# FITNESS and NUTRITION FORUM > DIET AND NUTRITION > RECIPES >  Kick A$$ shredded chicken tacos

## Iwan2bsolid2

Boil 4 chicken breast for 35-40min (*very slow rolling boil, you only want a couple bubble rising to the top)

Add in the water before boiling half an Onion, 2 cloves Garlic, Tbsp of Olive oil, and a Bay Leaf.

Remove from water, shred chicken with a fork. Cut up the Onion that was in the pot as well along with the garlic, and add to the shredded chicken.

Place into a pan add Low sodium Taco seasoning Packet (Old El Paso), and 1/2 cup water maybe a little more (enough to mix together) simmer till water evaps.

Place into Corn tortillas, Or Whole wheat Tortillas.
add whatever else you might want: chz, salsa, lettuce, onion, *lime, even grated carrots. 

Enjoy!

----------


## Tobey

Hey man that sounds really good. I'm going to try those tonight. I'll let you know how they turn out tommorrow morning.(Sat morning) Thanks
Tobey

----------


## Iwan2bsolid2

_SOLID

----------


## Tobey

Man those turne dout great. I really think that I over did it though. I have not eaten until I could'nt move for awhile and when I got up from the dinner table last night, all the energy that I could muster up was just enough to make it to the easy chair.
Great resiepe bro, Thanks for the contribution to the reciepe section.
IC

----------


## Iwan2bsolid2

-neath the table :Big Grin:  . Glad you enjoyed them. On my day off one time I actually fried the corn tortillas, OMG- they were D-lecious! Did you add any beans or anything? 


_SOLID

----------


## Tobey

Naw, to tell the truth I did not even think about beans. Sounds good. And as to your question about a belly. What exactly is one?LOL! I would'nt give up my abbs for anything! 
IC

----------


## Iwan2bsolid2

in with the chicken, It's good in a Whole wheat tortilla. Corn tortillas are kinda too small, since I like a lot of chicken.

----------


## Buddha_Red

I tried this and it was a great quick bite.
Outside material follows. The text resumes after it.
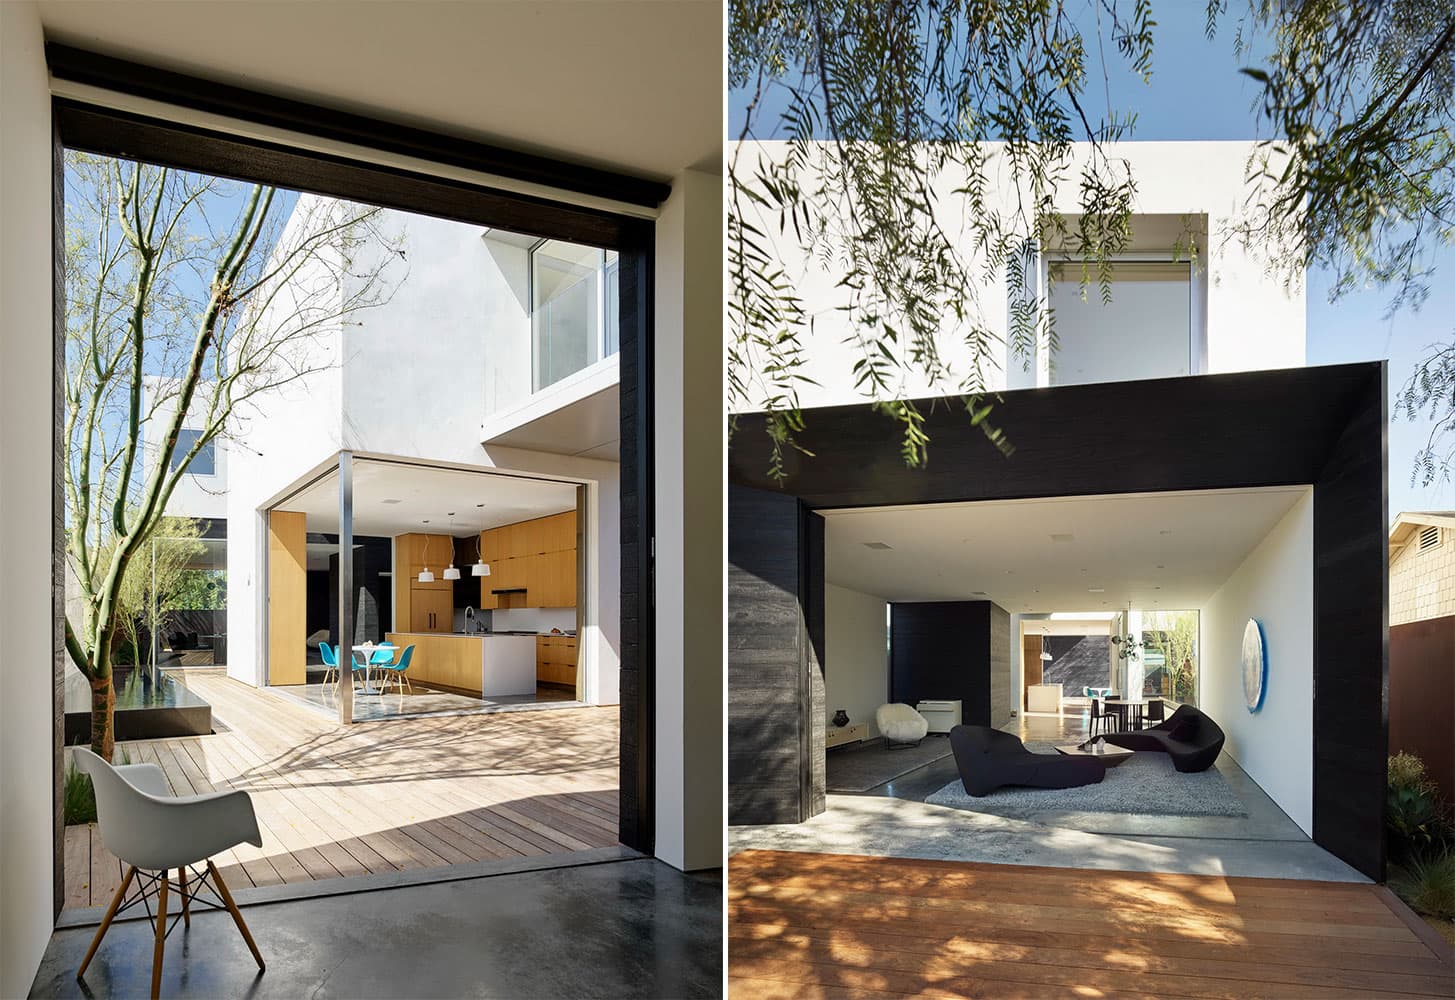 alt text: modern home with interior courtyard looking in
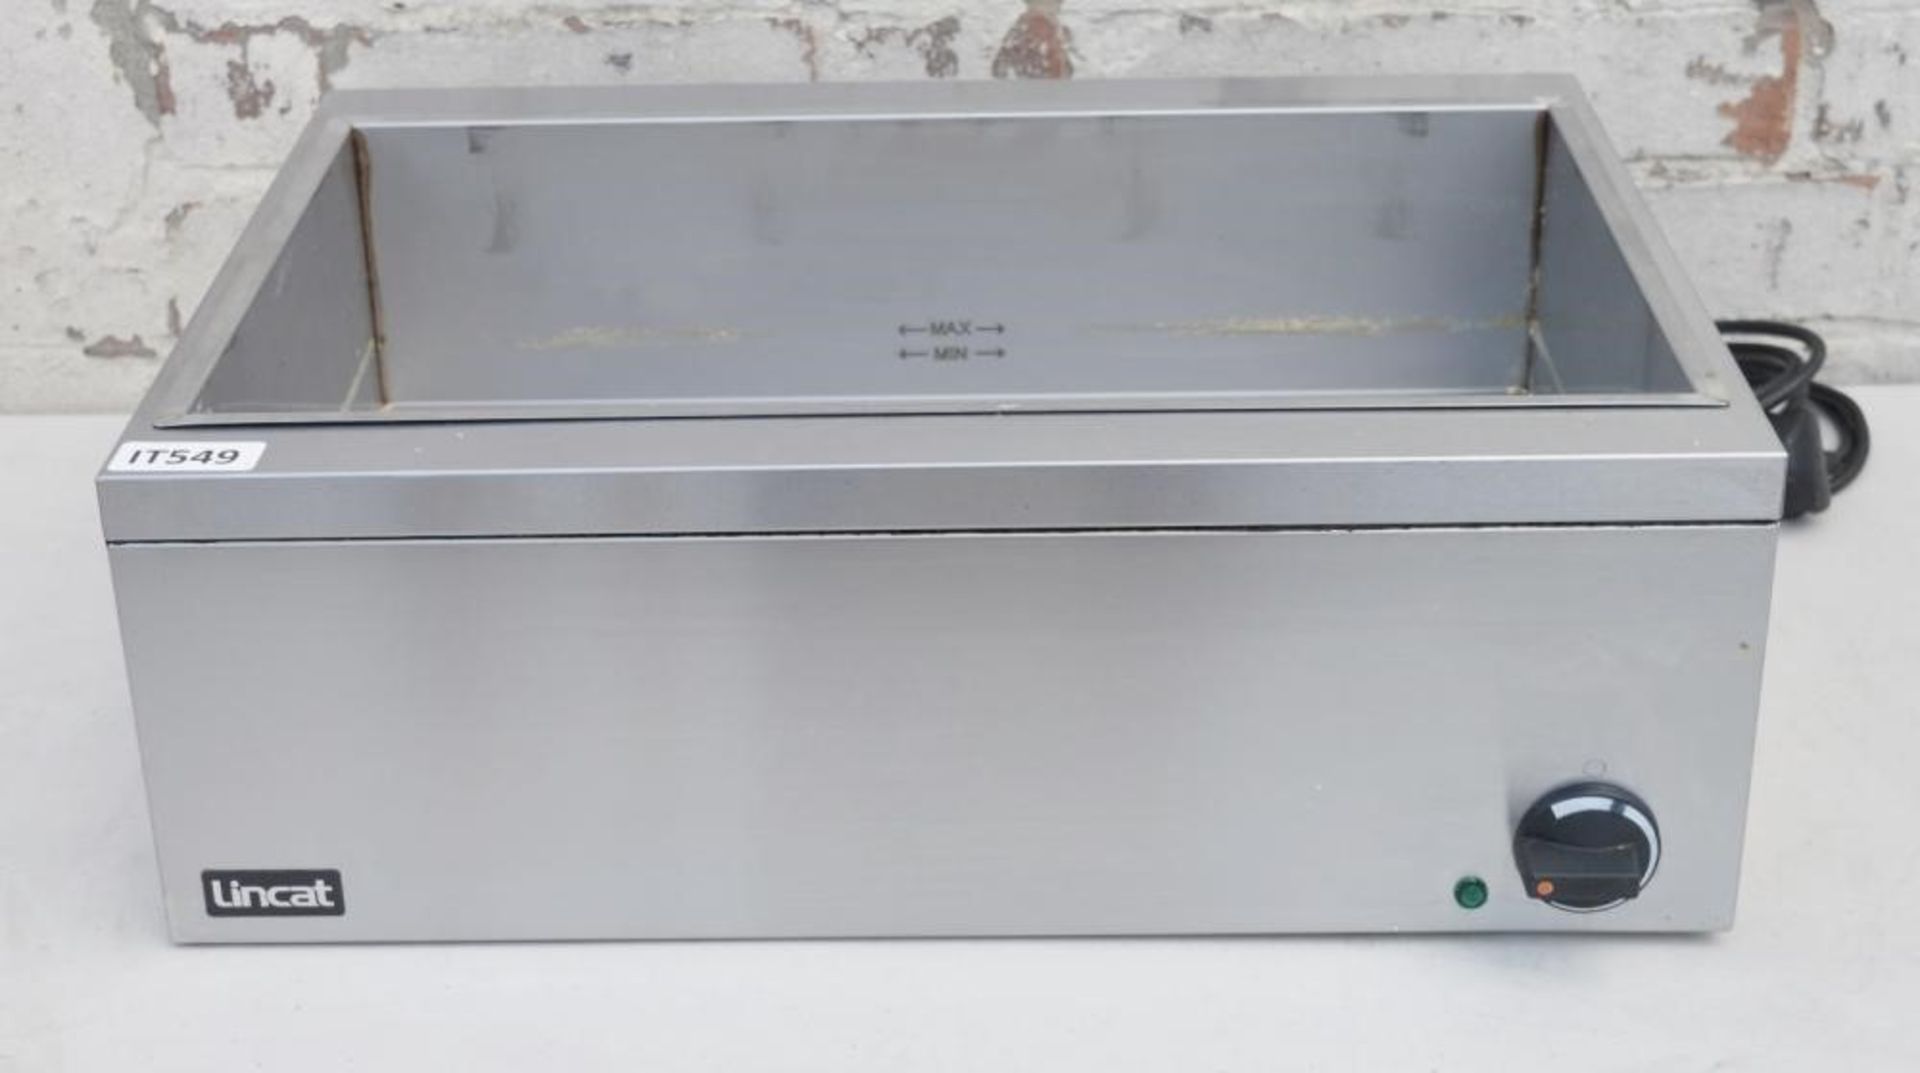 1 x LINCAT Commercial Bain Marie (Model: LBM2W) - 500W Wet And Dry Heat - Stainless Steel Finish - R - Image 4 of 7

take the whole wheat tortilla and bake it until it starts to crisp up just a bit. that way it seemed more like mexican food to me hehe

didnt change the taste but i am in love with this. you can eat the chicken in many ways.

thanks for posting this hehe its a winner

----------


## Iwan2bsolid2

:Wink:  

no prob

SOLID

----------


## Schmidty

anybody knowhow this is as a left over

----------


## Schmidty

i just made this and my gf and me loved it!

----------


## Kk570h

> Boil 4 chicken breast for 35-40min (*very slow rolling boil, you only want a couple bubble rising to the top)
> 
> Add in the water before boiling half an Onion, 2 cloves Garlic, Tbsp of Olive oil, and a Bay Leaf.
> 
> Remove from water, shred chicken with a fork. Cut up the Onion that was in the pot as well along with the garlic, and add to the shredded chicken.
> 
> Place into a pan add Low sodium Taco seasoning Packet (Old El Paso), and 1/2 cup water maybe a little more (enough to mix together) simmer till water evaps.
> 
> Place into Corn tortillas, Or Whole wheat Tortillas.
> ...


Sounds really good, am going to try them tomorro for lunch

----------


## Zero0

These were so damn good! Try them with some home made pico too!

----------